- Presented by: John Majhor
- Country of origin: Canada

Original release
- Network: CITY-DT
- Release: 1984

= Toronto Rocks =

Toronto Rocks is an hour-long television program presenting music videos on CITY-TV in Toronto, Ontario, Canada in the 1980s, starting in 1984. It aired live at 4PM weekdays and was initially hosted by John Majhor. Majhor was a longtime DJ at 1050 CHUM AM in Toronto and eventually became one of Canada's first "VJs" with the development of music videos. Toronto Rocks was a local contemporary to MuchMusic and MTV (CITY-TV and MuchMusic were both owned by CHUM Ltd.), and had kids rushing home from school every day to catch their favourite videos of the early-to-mid '80's.
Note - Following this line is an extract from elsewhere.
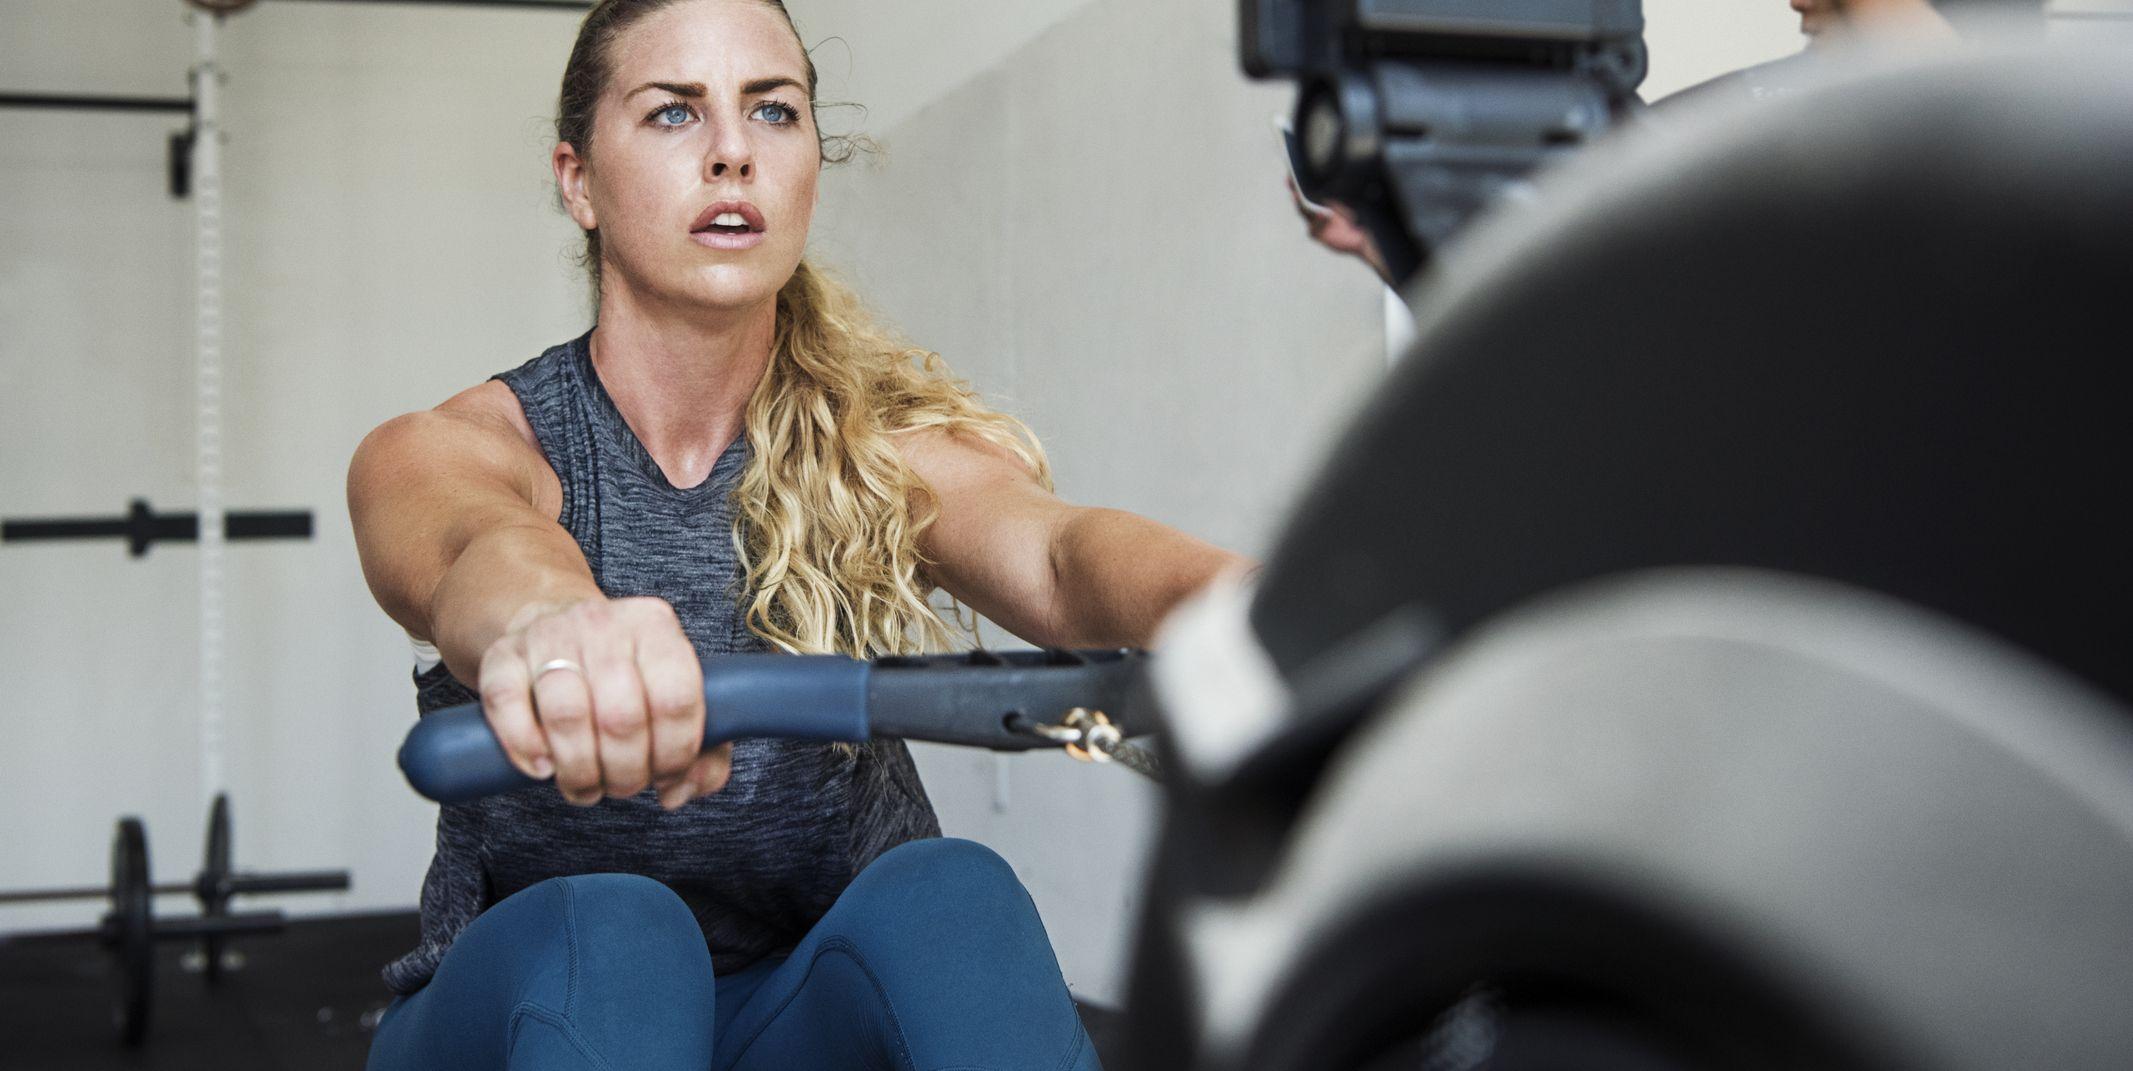 Focused athlete exercising on rowing machine in crossfit gym

During the show, Majhor played videos by a wide variety of the big-name artists of the day, all the way from Michael Jackson's "Beat It", Van Halen's "Jump", Yes' "Owner of a Lonely Heart", to the Eurythmics' "Sweet Dreams (Are Made of This)" and other songs released in the 1980s by artists who became commercially popular during the decade. Wednesdays on the show were set aside for "Mid Week Metal Mania", where Majhor played only heavy metal videos from the hard rock and "hair bands" of the day. He also interviewed in-studio guests and had various contests and giveaways. Over 400 episodes of Toronto Rocks were aired.

Brad Giffen (1985-1988), Lance Chilton (1988–90) and JD Roberts also filled in for John Majhor from time to time.